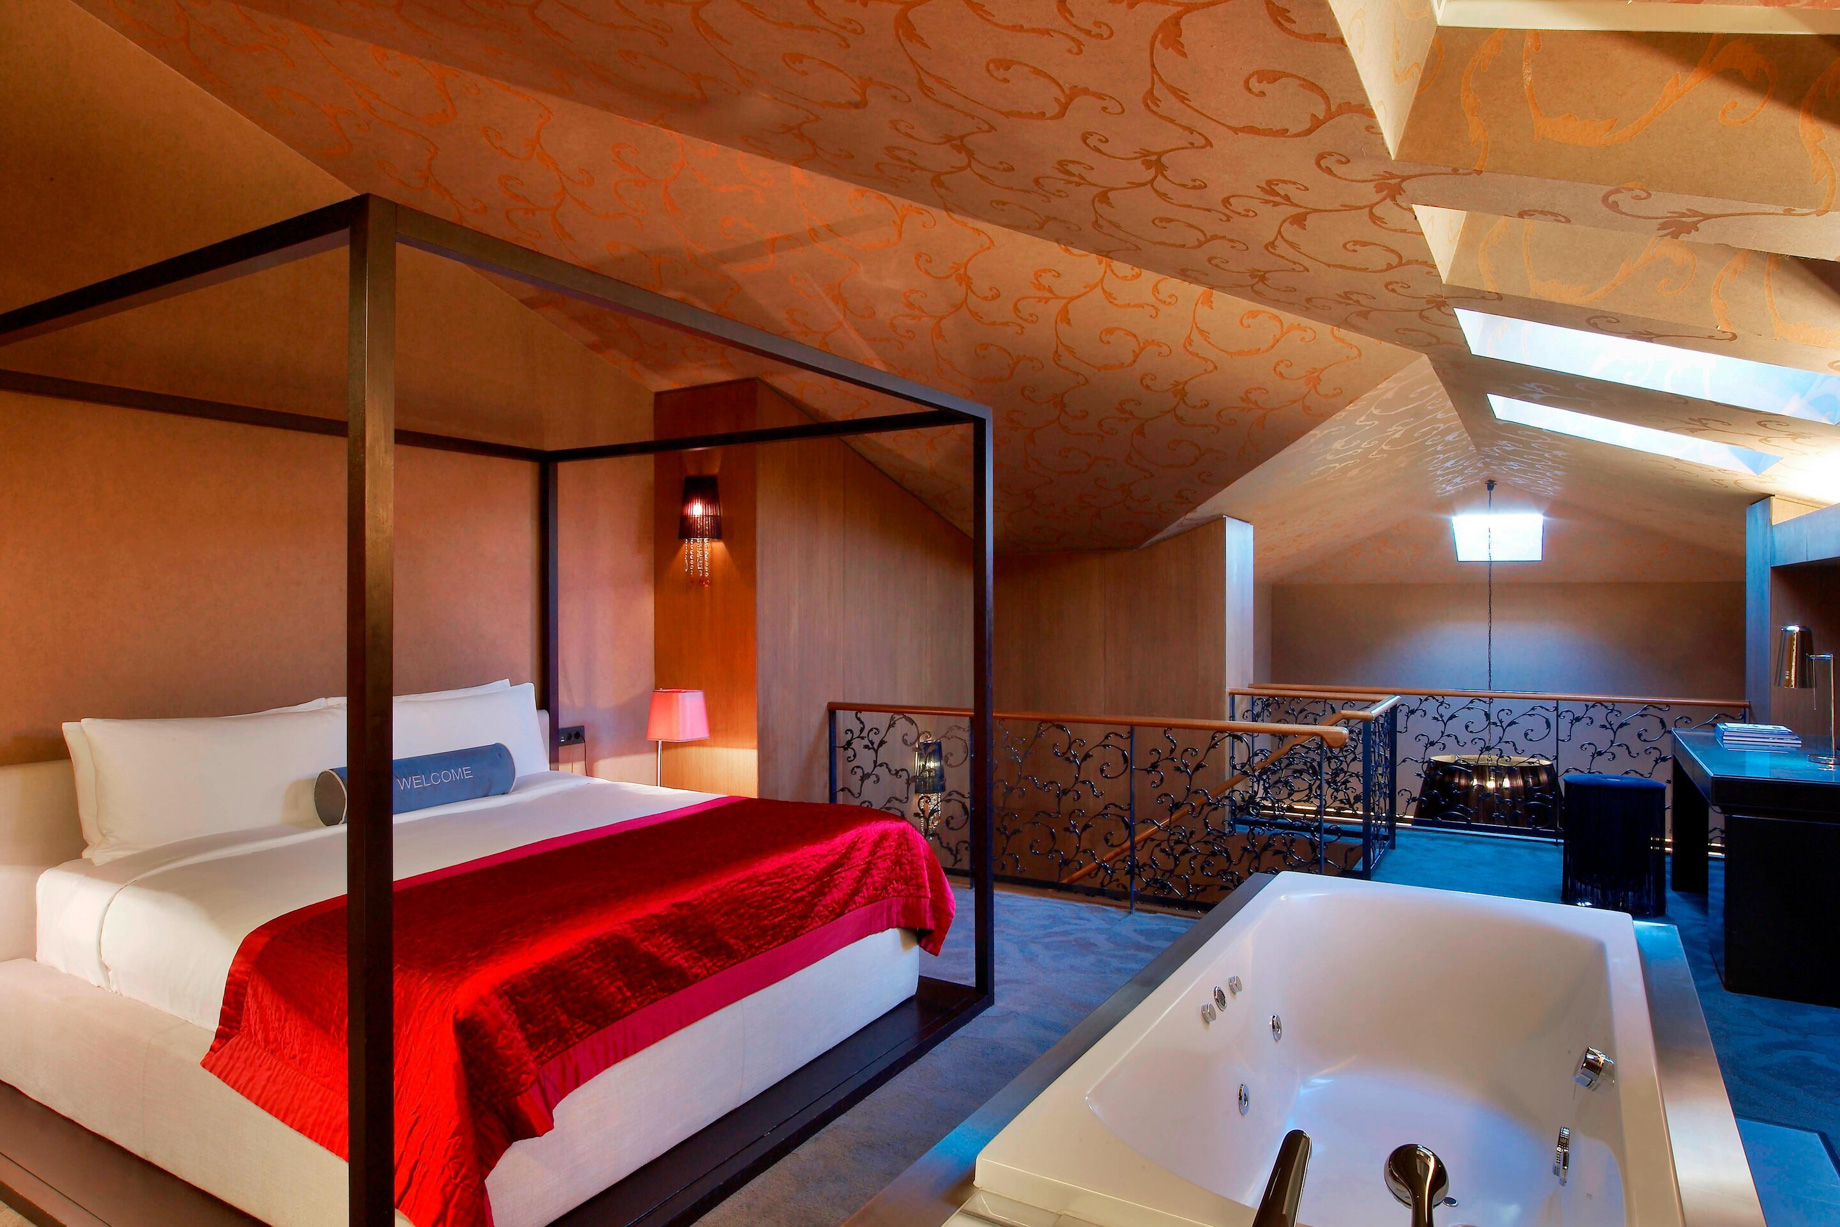 W Istanbul Hotel - Istanbul, Turkey - Wow Suite Bedroom Decor
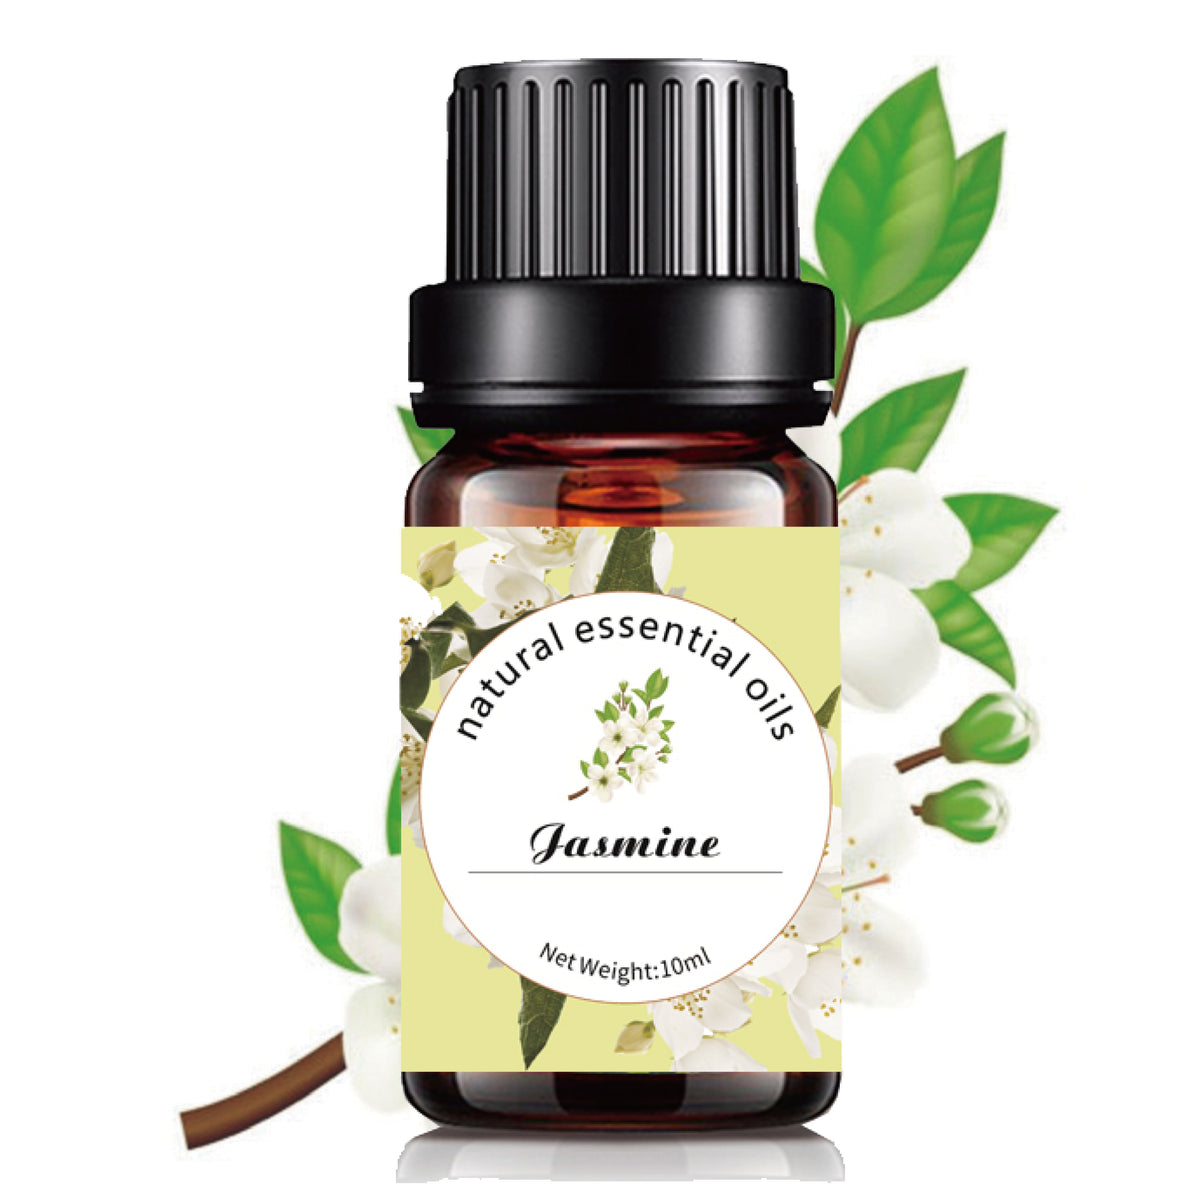 Jasmine - 10ml pure natural essential oil
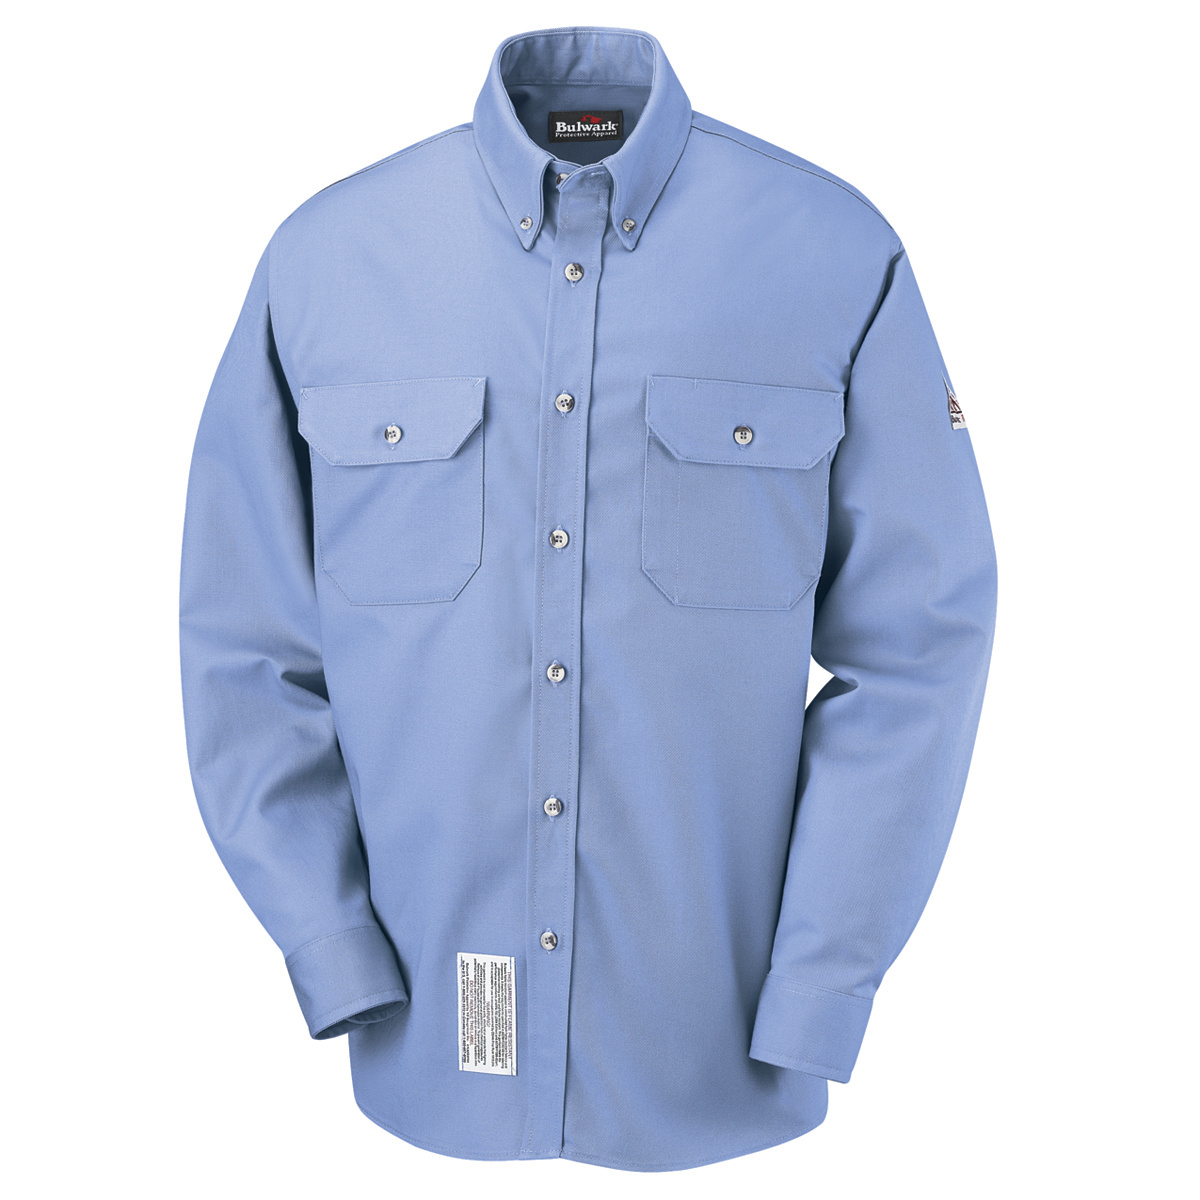 Bulwark® Medium Tall Light Blue Westex Ultrasoft®/Cotton/Nylon Flame Resistant Dress Shirt With Button Front Closure
★ ★ ★ ★ ★
What you have to do: Nothing but an exact transcription of the material, without pictures, should be returned.

Result for this task:
 W Istanbul Hotel - Istanbul, Turkey - Wow Suite Bedroom Decor
 Jasmine - 10ml pure natural essential oil
 Bulwark® Medium Tall Light Blue Westex Ultrasoft®/Cotton/Nylon Flame Resistant Dress Shirt With Button Front Closure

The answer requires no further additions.